Linuxのファイルには「rwxrwxrwx」形式のパーミッションが設定されています。その中で、通常の実行権限とは別の動作をする特殊ビットが SUID(Set User ID)SGID(Set Group ID) です。

SUIDビットが設定されたファイルは、実行した際に「ファイルの所有者の権限」でプロセスが動作します。所有者がrootでSUIDビットが立っているコマンドを一般ユーザーが実行すると、そのプロセスはroot権限で動くことになります。

SGIDビットは同様の概念をグループに適用したものです。ファイルに設定された場合、実行時にファイルのグループ権限でプロセスが動作します。ディレクトリに設定された場合は、そのディレクトリ配下に作成されるファイルが同じグループに帰属します。

SUIDビットが立ったファイルを ls -l で確認すると、次のように表示されます。

-rwsr-xr-x 1 root root 64448 ... /usr/bin/passwd # 所有者の実行ビット位置が 'x' ではなく 's' になっている → SUIDビットが設定済み

passwd コマンドはSUIDが必要な代表例です。一般ユーザーが自分のパスワードを変更するには /etc/shadow に書き込む権限が必要ですが、その権限はrootだけに許可されています。passwdコマンドにSUIDを設定することで「passwdを使う間だけroot権限を借りる」仕組みを実現しています。
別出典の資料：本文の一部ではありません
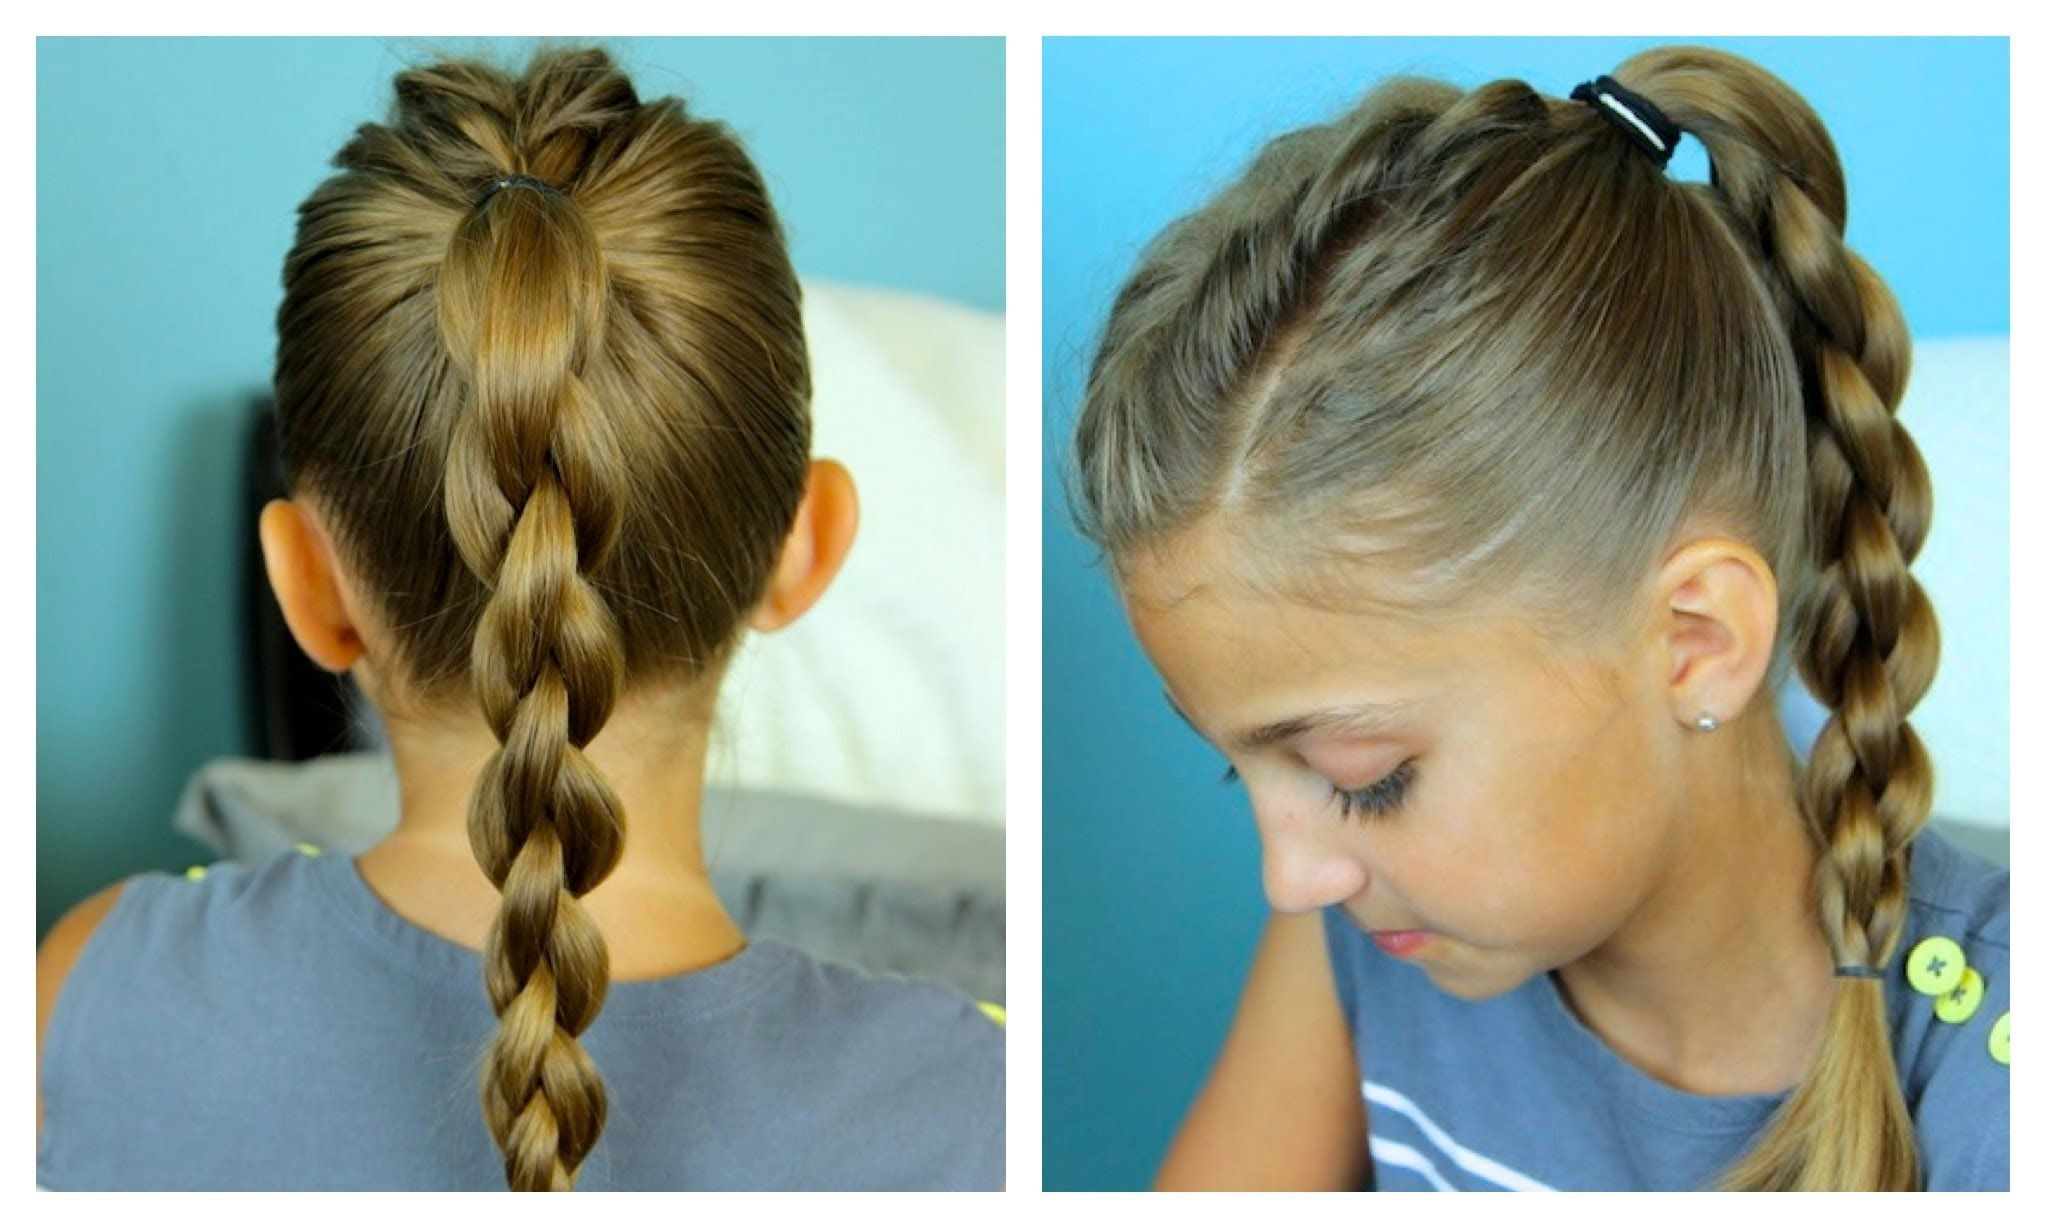 hairstyles - do it yourself | hairstyles – do it yourself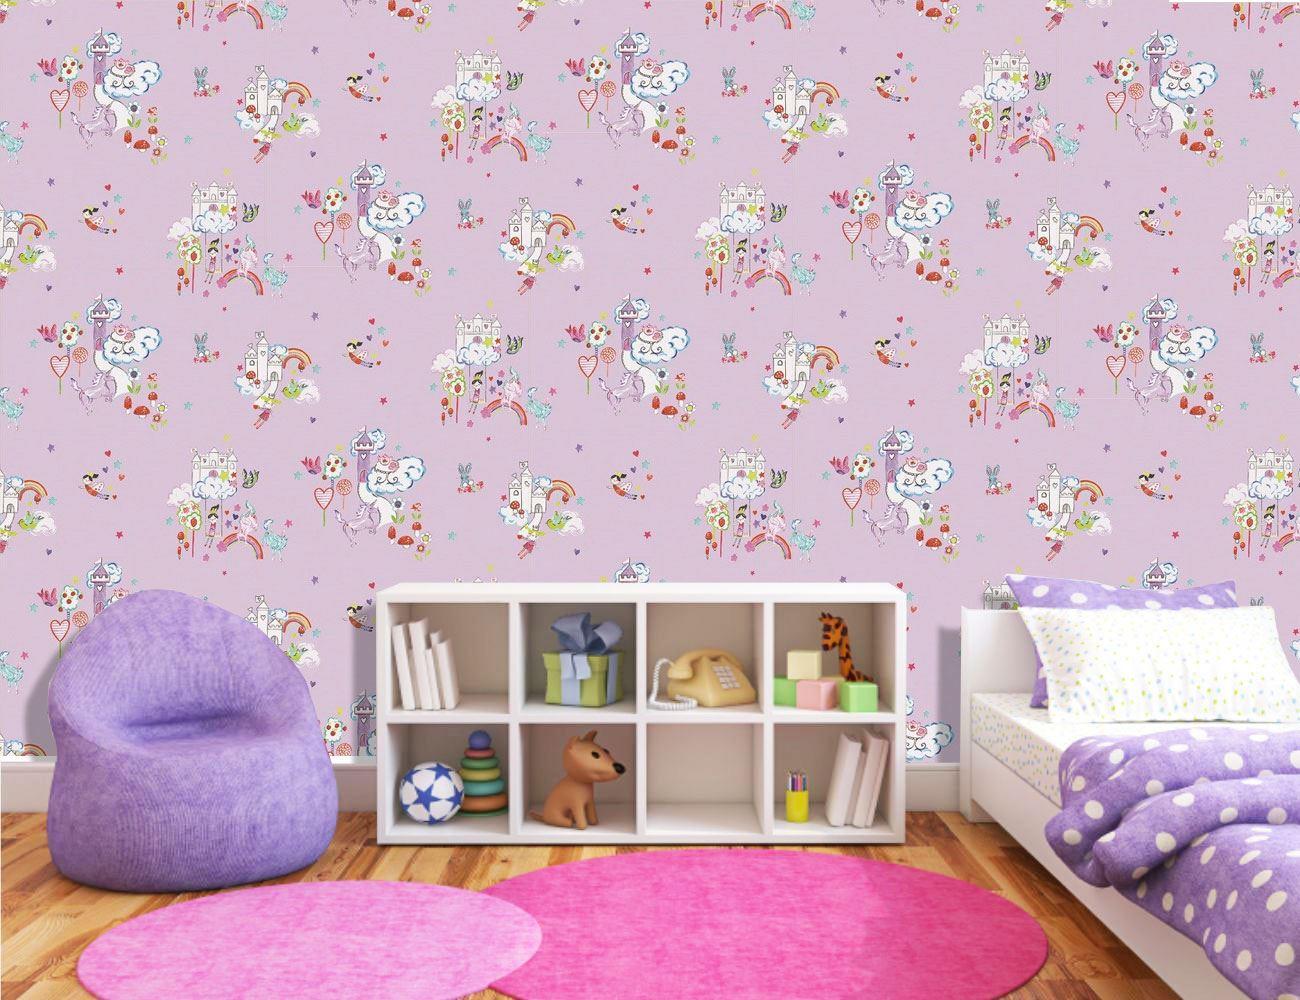 Girls-Unicorn-Wallpaper-Children-039-s-Pink-White-Glitter-Rainbow-Butterflies-Floral thumbnail 13

問題は、本来SUIDが不要なファイルにビットが残っている場合です。システムインストール時のデフォルト状態から変わっていないSUIDBINARYや、管理者が誤って設定したSUIDBITが、攻撃者の権限昇格の踏み台になります。

攻撃者はSUID/SGIDをどう悪用するか

Linuxサーバーへの侵入に成功した攻撃者は、最初は「一般ユーザー権限」しか持っていないことがほとんどです。そこからroot権限を奪う操作が「ローカル権限昇格(Local Privilege Escalation)」と呼ばれる攻撃フェーズです。SUID悪用はその代表的な手法です。

防御目的で手口の概要を理解しておきましょう。

SUIDファイルの列挙: 攻撃者は find / -perm -4000 2>/dev/null でSUIDビット付きファイルを洗い出します。このコマンドは一般ユーザーでも実行できます。
悪用可能なバイナリの選別: GTFOBins(特権昇格に使えるバイナリをまとめた参考情報サイト)などを参照し、SUIDが設定されたバイナリの中からシェルを奪取できるものを選びます。
rootシェルの取得: たとえば vimfind に誤ってSUIDBITが設定されていた場合、それらのバイナリが持つシェル起動機能を使ってrootシェルを起動できます。
完全な権限奪取: root権限を手にした攻撃者は、バックドアの埋め込みや /etc/passwd の改ざんなど、システム全体にわたる操作が可能になります。

「内部ネットワークだから大丈夫」という考えは危険です。社員の端末が踏み台にされたり、VPN経由の不正アクセスが発生した場合、サーバー内部でのSUID悪用が一気に被害を拡大させます。

システム上のSUID/SGIDファイルを一斉に洗い出す

まず現状把握から始めましょう。標準の find コマンドだけで調査できます。

1. SUIDビット付きファイルの検出

# SUIDビット付きファイルをシステム全体から検索 find / -perm -4000 -type f 2>/dev/null # /proc・/sys・NFS等の仮想FSを除外した効率的な検索 find / -xdev -perm -4000 -type f 2>/dev/null # 所有者・パーミッション・パスを一緒に表示 find / -xdev -perm -4000 -type f -exec ls -la {} \; 2>/dev/null

-xdev オプションを付けると、現在のファイルシステム内のみを検索します。/proc や /sys のような仮想ファイルシステムへのアクセスエラーが大幅に減り、出力がすっきりします。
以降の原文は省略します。